Fraternità di Lessolo
Scrivere cosa è stato per noi don Renato è difficile, non tanto per ricordare i vari aspetti della sua persona, gli episodi passati insieme, le discussioni, le esperienze, la ricerca di fede, ma, soprattutto, per cercare di trasmettere l’essenziale.
Per prima cosa non l’abbiamo mai chiamato don, ma semplicemente per nome. Non per sminuire il suo essere prete, ma per amicizia. Quando siamo partiti dopo la terribile notizia per andare ad Ivrea, abbiamo detto a qualcuno che stavamo andando al funerale di un amico, ma ci siamo subito resi conto che la parola amico ci stava un po’ stretta. Renato era qualcosa di più per noi e per la nostra famiglia: una colonna portante del nostro vivere: la sua fede, i suoi pensieri, la sua vita, ma soprattutto la sua grande umanità.
Renato e Nino (Don Antonio Nigra): un binomio fondamentale per noi. La loro visione del mondo ha sempre illuminato la nostra vita dandole un senso profondo. E quando la vita ha un senso, una profonda felicità ti pervade e una grande forza. E questo lo dobbiamo a loro. Non abbiamo più incontrato persone con così grande spessore nel corso degli anni!!!
Renato ha accompagnato la nostra vita per più di quarant’anni. Abbiamo vissuto insieme nella comunità di Banchette e insieme a Nino è sempre stato presente a tutti gli appuntamenti importanti: anniversari, matrimoni, morti, nascite: l’ultima è stata la benedizione che hanno dato al piccolo Nino, il bimbo di Manù, la scorsa estate. E che dire delle sue visite qui in Toscana e gli incontri assidui a Ivrea?
Banchette, Lessolo. Un unico filo ha tenuto insieme le sue scelte. Lui con quella intelligenza sopraffina e la sua capacità analitica, preziose per qualsiasi lavoro intellettuale, si piegò al lavoro manuale e al sudore del corpo, dalla prima scelta a Banchette di lavorare in fabbrica fino alla fraternità di Lessolo, prima in falegnameria, poi ricurvo a fare i lavori nell’orto.
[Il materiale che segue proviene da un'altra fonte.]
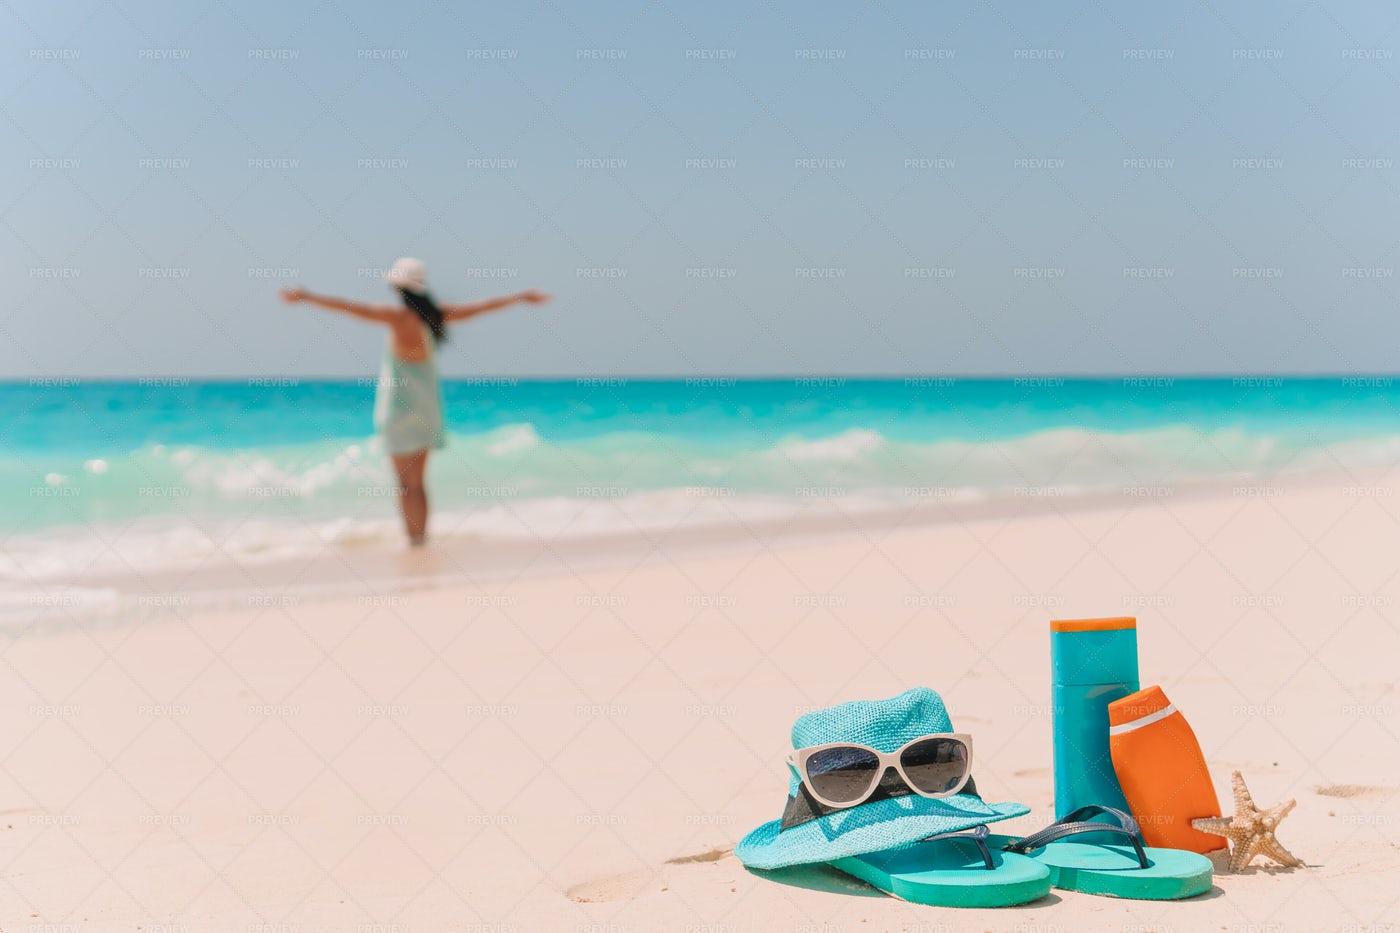 Suncream, hat, sunglasses and flip flop: Stock Photos

E poi l’accoglienza dei più bisognosi, dei più indifesi, degli esclusi. La sua scelta non era semplicemente quella di aiutare i più poveri, di sostenerli, di condividere la loro vita. No, era qualcosa di più profondo. Quello della ricerca dello stesso loro punto di vista, della stessa angolazione da cui i poveri vedono e giudicano il mondo. Era una collocazione dalla quale correva il rischio di non essere “oggettivo”, di essere radicale, a volte di essere scortese e duro. Era un rischio che Renato conosceva bene, che consapevolmente correva per essere aderente alla sua scelta e alla sua fede.
La sua ricerca non era senza sforzo, non era senza dolore. A partire dal terribile dolore fisico dovuto a un’artrosi, che forse l’ha ucciso, mentre con abnegazione continuava il faticoso lavoro nell’orto. Fino alla coscienza che quella sua scelta e il modo di esservi fedele l’avevano messo un po’ in disparte nella chiesa, lasciato ai margini.
Ma la sua tristezza che a volte scoprivi quando affrontavi l’argomento era coperta da quel suo modo bonario, da quel sorriso pieno di compassione per tutti, che indicava quanto profondamente umana fosse la sua fede in Gesù e nel suo vangelo. A Torre Balfredo per anni nella messa domenicale Renato dava con le sue omelie non solo una intelligente interpretazione della parola di Dio, ma rivelava anche il cammino della sua ricerca di fede. Dava una toccante manifestazione del maturare della sua esperienza e della sua vita.
Se alcuni anni fa erano prevalenti le denunce e le accorate esortazioni, nonché le battaglie per una fede più matura e impegnata, negli ultimi tempi le omelie costituivano una riflessione più pacata in cui la compassione per gli uomini tutti era diventata prevalente, in cui lo sguardo benevolo di Gesù accompagnava lo sguardo dei poveri.
Queste omelie, che sono state diligentemente raccolte, costituiscono un lascito di grandissimo valore per quelli che non hanno avuto la fortuna di incontrare Renato in vita; e possono ritornare ad essere motivo di riflessione e di abbandono nel Signore anche per quelli come noi, che l’abbiamo tanto amato, e sollevare un po’ il nostro cuore che la sua assenza ha riempito di profonda solitudine.